Quote:
A video is being shared on social media that sees a presenter examining data from a US system that collects reports of adverse health events that follow the administration of a vaccine.
The video (here) features data collected by the US Vaccine Adverse Event Reporting System (VAERS), which is freely available to download (list of files here: here, an updated version of the dataset shown in the video can be downloaded here: here).
Anyone can report events to VAERS (vaers.hhs.gov/reportevent.html) and a disclaimer on the website of the Centers for Disease Control and Prevention (CDC) says: “The reports may contain information that is incomplete, inaccurate, coincidental, or unverifiable” (here). When downloading the data, users are presented with a further disclaimer that the data does not include information from investigations into reported cases. The disclaimer also says “the inclusion of events in VAERS data does not imply causality” (here).
The presenter says she is looking at adverse reactions and deaths in people who have received the COVID-19 vaccine (timestamp 0.10) and then filters this data to show people who are reported to have died. She says this now shows only people who have died within seven days of receiving a vaccine. This is incorrect, there is no limit on reporting deaths related to adverse effects following a vaccine (here). The data includes deaths reported more than seven days after receiving a vaccine ( see VAERS ID 916890). As she scrolls through this filtered list, the presenter says: “These people did not survive the vaccine”.
However, on its website, the CDC says the US Food and Drug Administration (FDA) requires vaccination providers to report any death after COVID-19 vaccination to VAERS.

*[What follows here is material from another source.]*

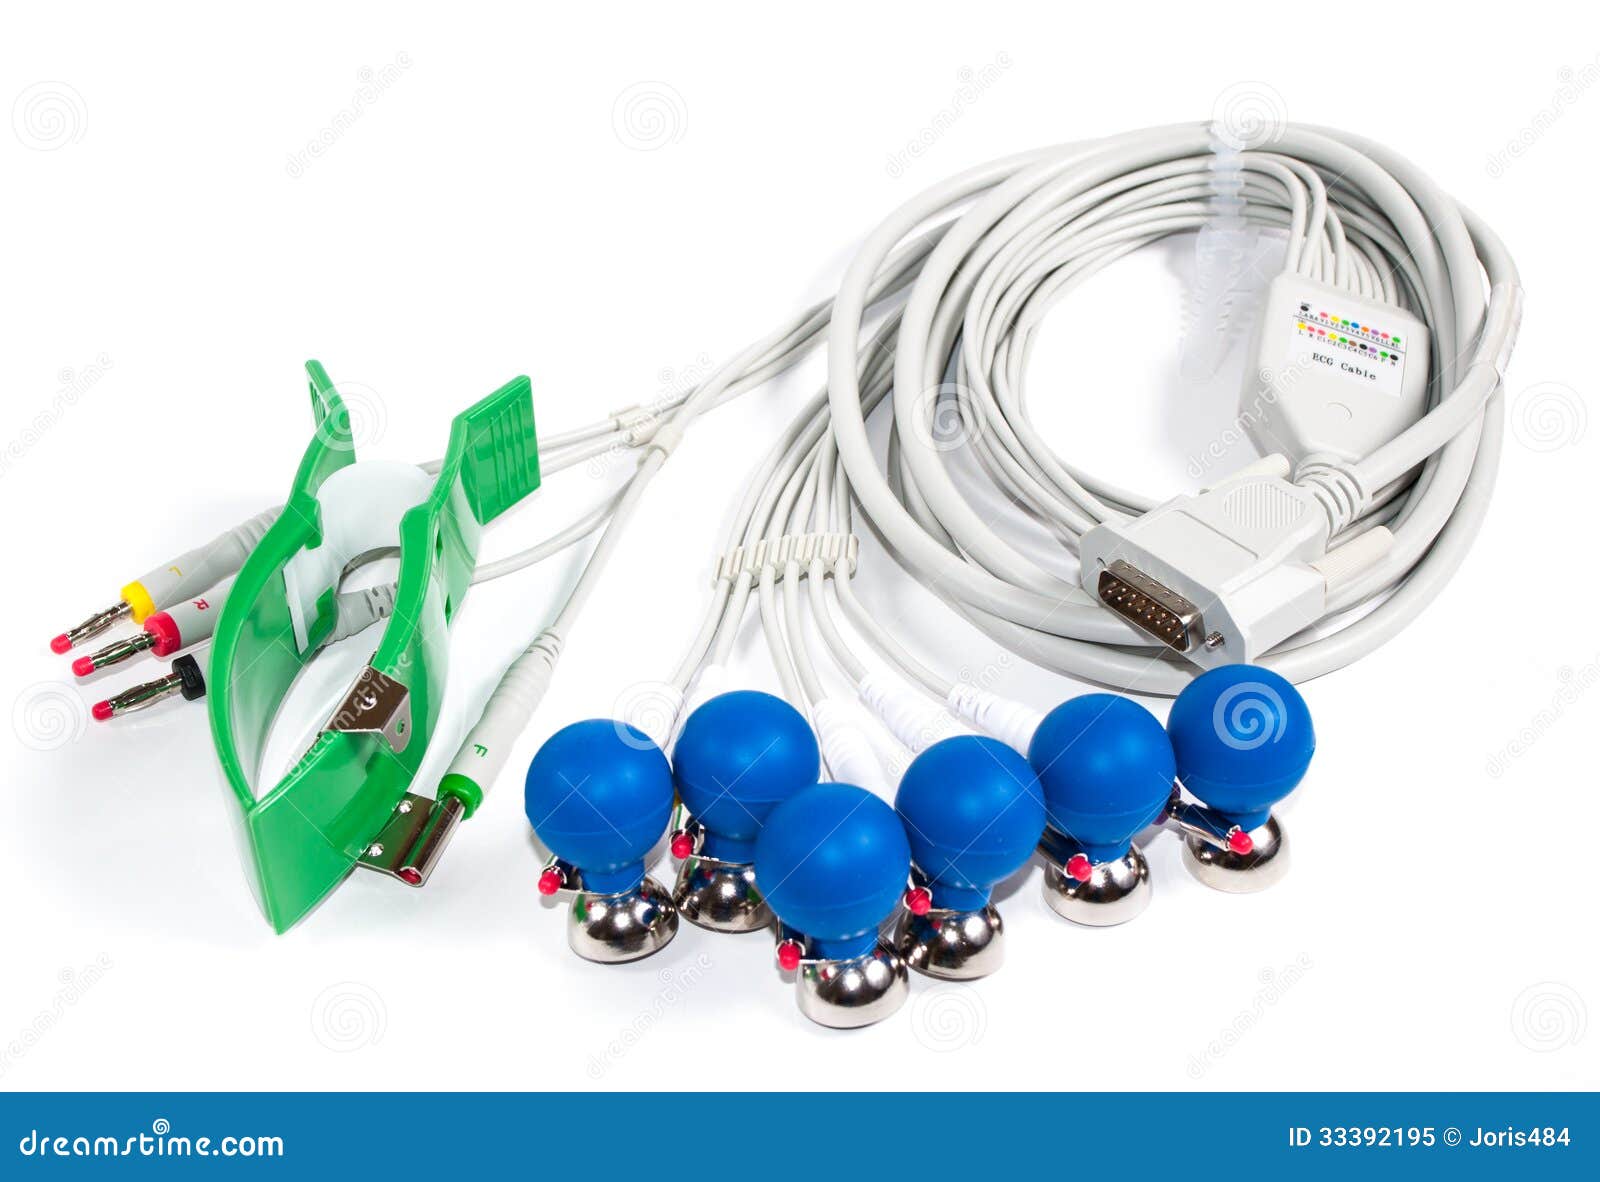 Electrodos y cable de ECG imagen de archivo. Imagen de objeto - 33392195

“Reports of death to VAERS following vaccination do not necessarily mean the vaccine caused the death,” it says.
“CDC follows up on any report of death to request additional information and learn more about what occurred and to determine whether the death was a result of the vaccine or unrelated.”
“To date, VAERS has not detected patterns in cause of death that would indicate a safety problem with COVID-19 vaccines.”
The CDC estimates that about 1.3 million COVID-19 vaccine doses were administered to residents in long-term care facilities as of Jan. 18, 2021. Given this, the CDC expected to see a background mortality of 11,440 deaths (slide 36 here), which is multiple times higher than the number of VAERS reports in the dataset.
Further to this, the VAERS dataset presented in the video did not just include events reported after COVID-19 vaccines. On-screen text in the video says a one-year-old died from the COVID-19 vaccine, but children younger than 16 years of age are not authorized to receive the Pfizer-BioNTech or Moderna COVID-19 vaccines in the United States (here). The VAERS report in question says that the vaccine the one-year-old had received was a flu shot (VAERS ID number 942246, vaccine data downloadable here: here).
Throughout the video, the woman says that about 1% of vaccine injuries and deaths are reported. (Timestamps 0.03, 2.20 and 3.20).
A spokesperson for the CDC told Reuters by email that reporting rates for adverse events vary. She said: “Mild events, like a rash, tend to be reported less frequently than severe events (like a seizure). We have data to show that serious adverse events that occur after vaccination are more likely to be reported than non-serious adverse events. Events such as a sore arm at the injection site might not get reported since they are expected and therefore people don’t feel the need to report them.”
Studies have found reporting rates on VAERS of 47% for cases of intussusception cases after the rotavirus vaccine and 68% for paralytic polio after the oral polio vaccine, while rates ranged from 13 to 76% for anaphylaxis (here).
VERDICT
Partly false. In the US, the VAERS collects reports of adverse effects in patients following vaccination but it does not show whether those adverse effects were caused by a vaccine. The death of a one-year-old included in the data could not have been caused by a vaccine for COVID-19, as the child had not received one.